Only the lines from the one containing "july gardening calendar" through the last line below belong in your copy; transcribe them exactly and omit any pictures.

# [INFORMATION SUPPLIED]
◇ ◇ ◇ ◇ ◇ ◇ ◇

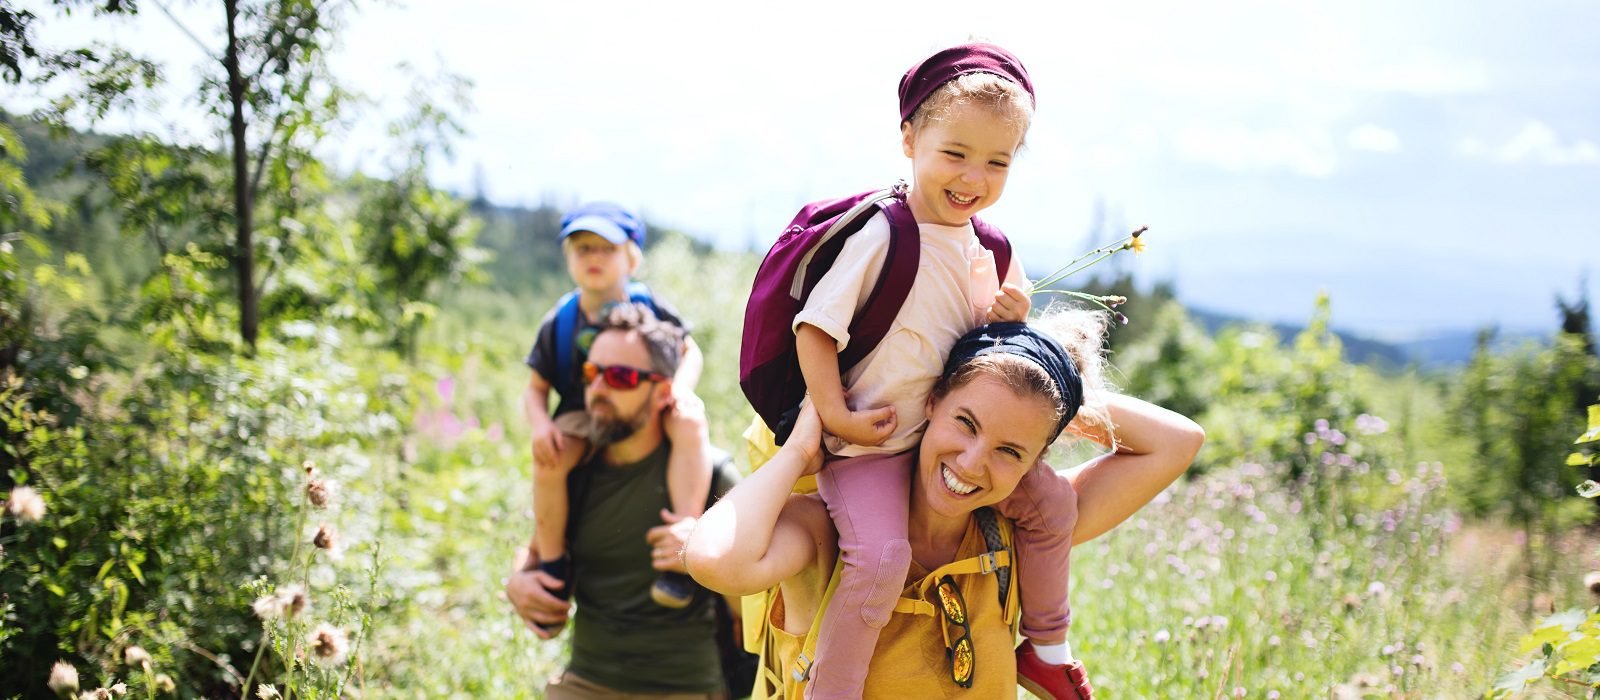 Front view of family with small children hiking outdoors in summer nature.
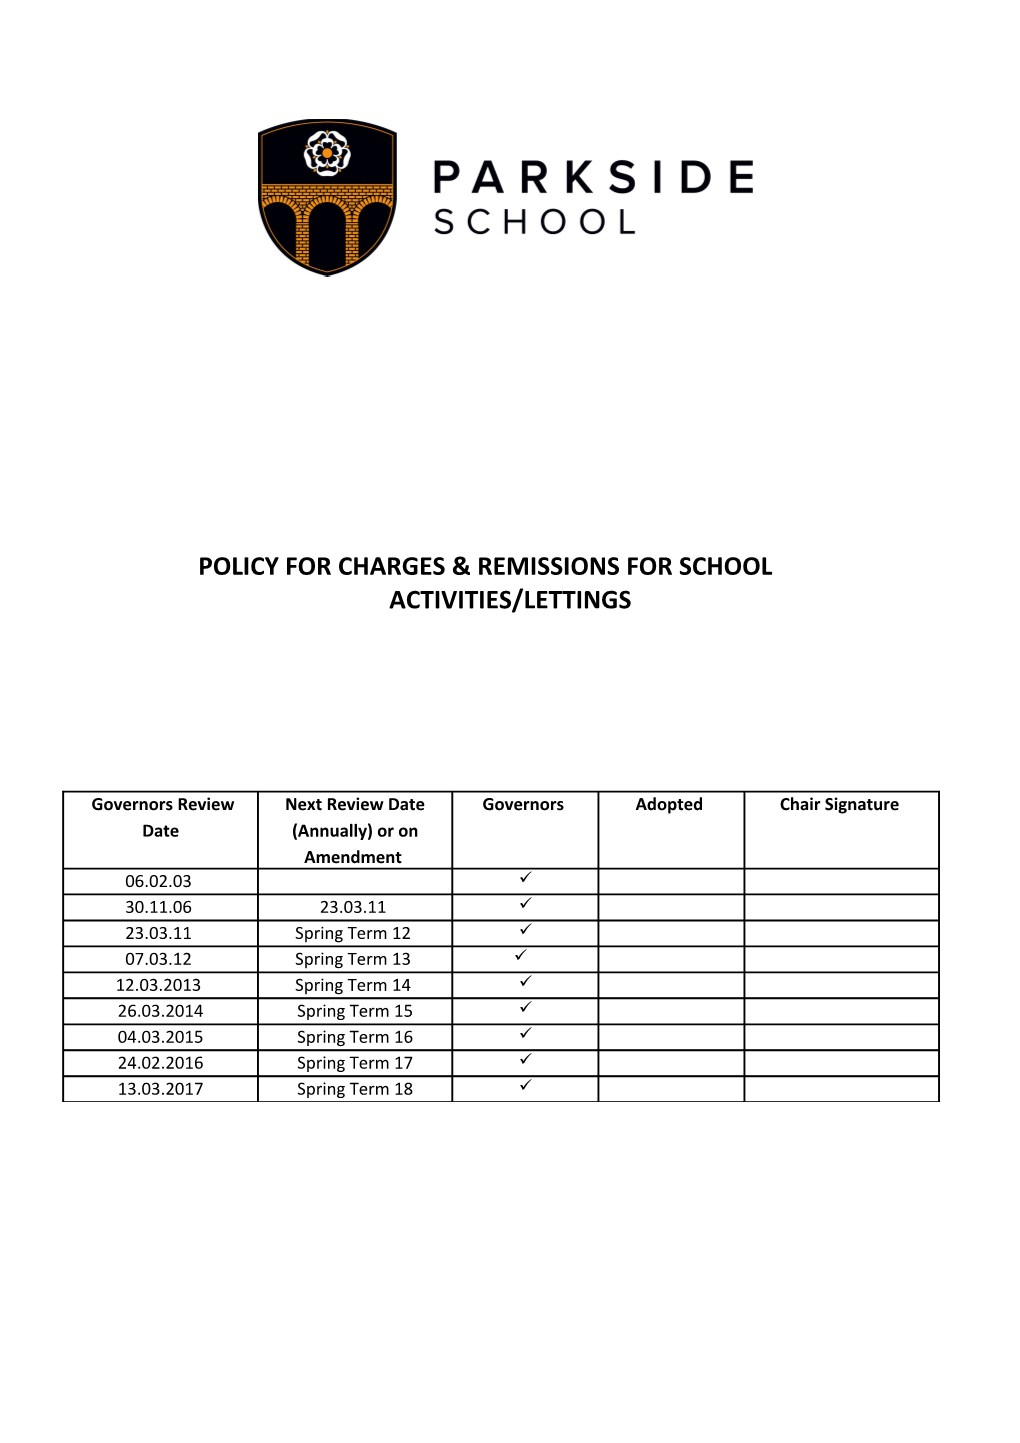 Parkside Policy for Charges & Remissions for School Activities/Lettings
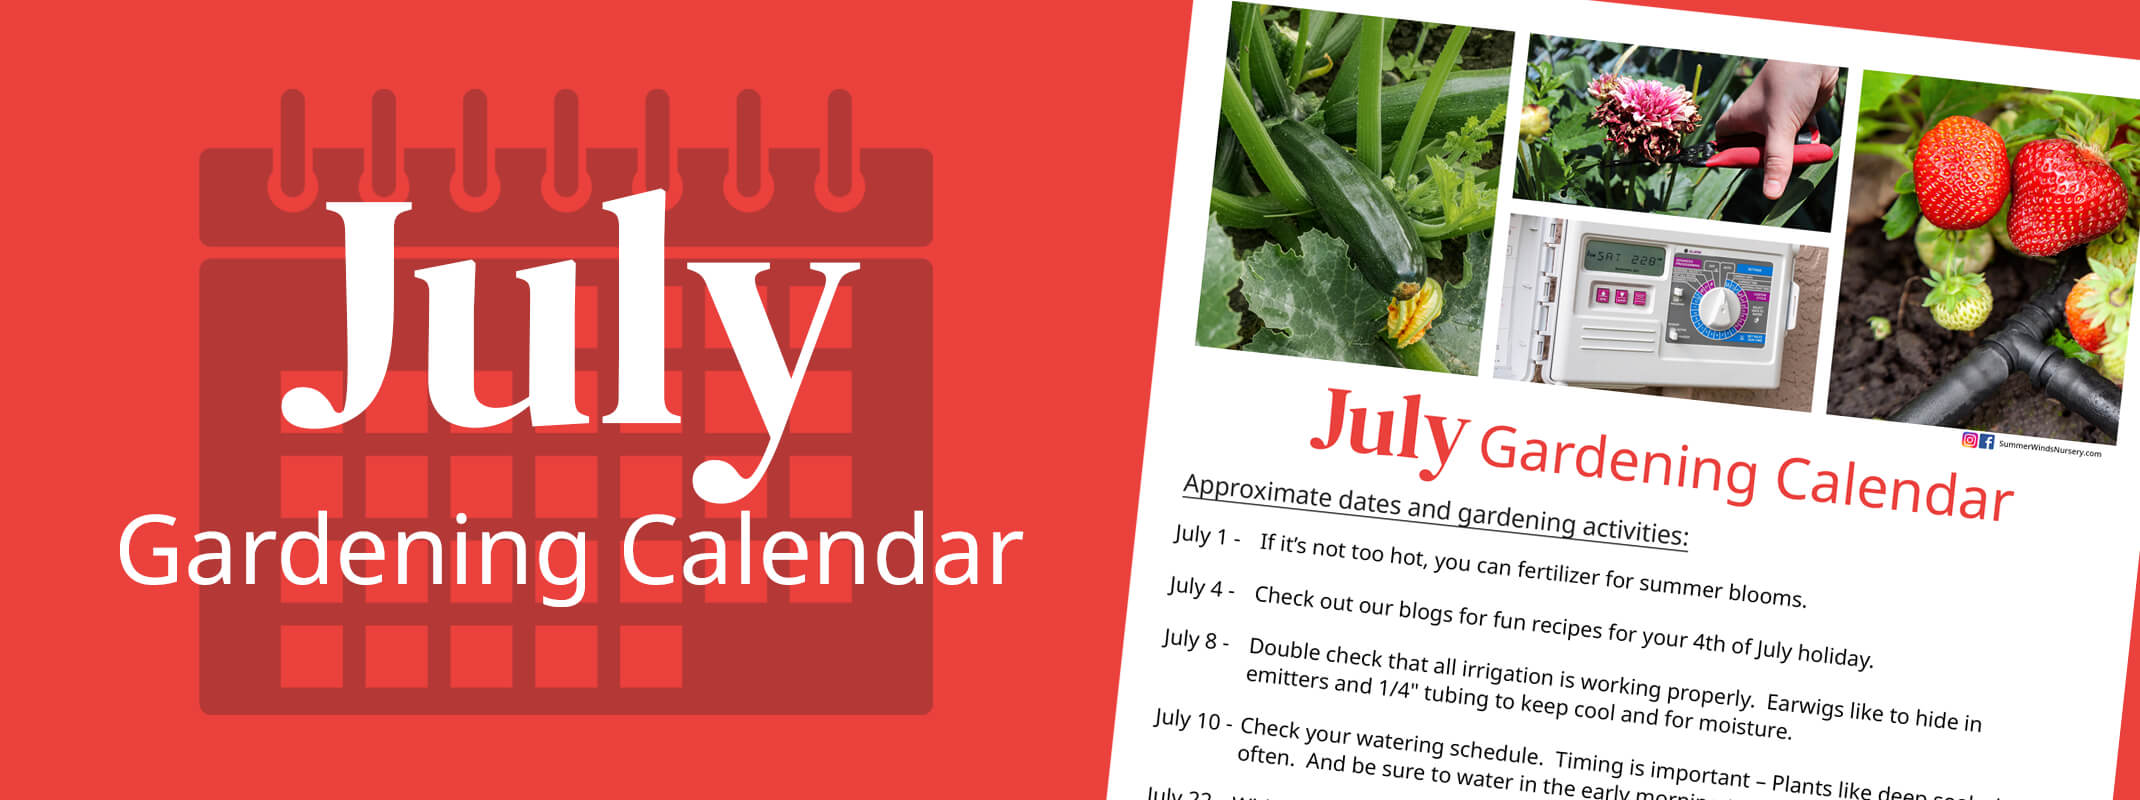 july gardening calendar with tips on the right
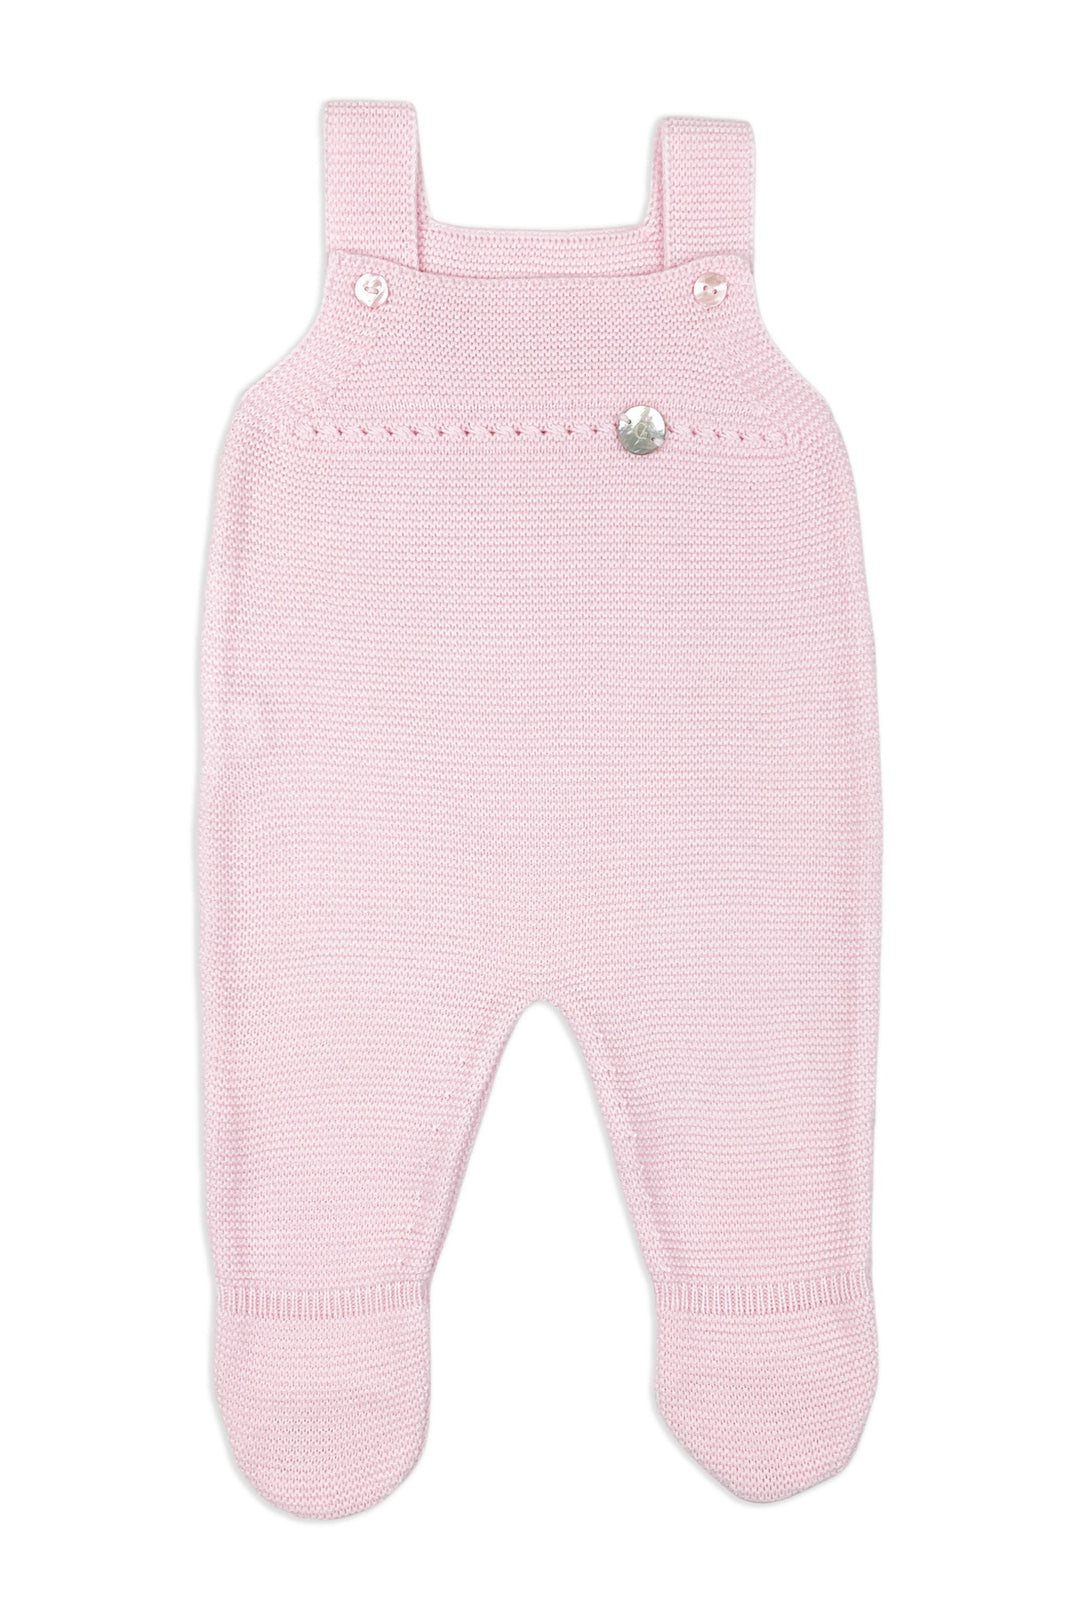 Granlei "Rowen" Baby Pink Knitted Dungarees | Millie and John

◇ ◇ ◇ ◇ ◇ ◇ ◇

# [RESULT OF THE EXERCISE]
 july gardening calendar with tips on the right
 Granlei "Rowen" Baby Pink Knitted Dungarees | Millie and John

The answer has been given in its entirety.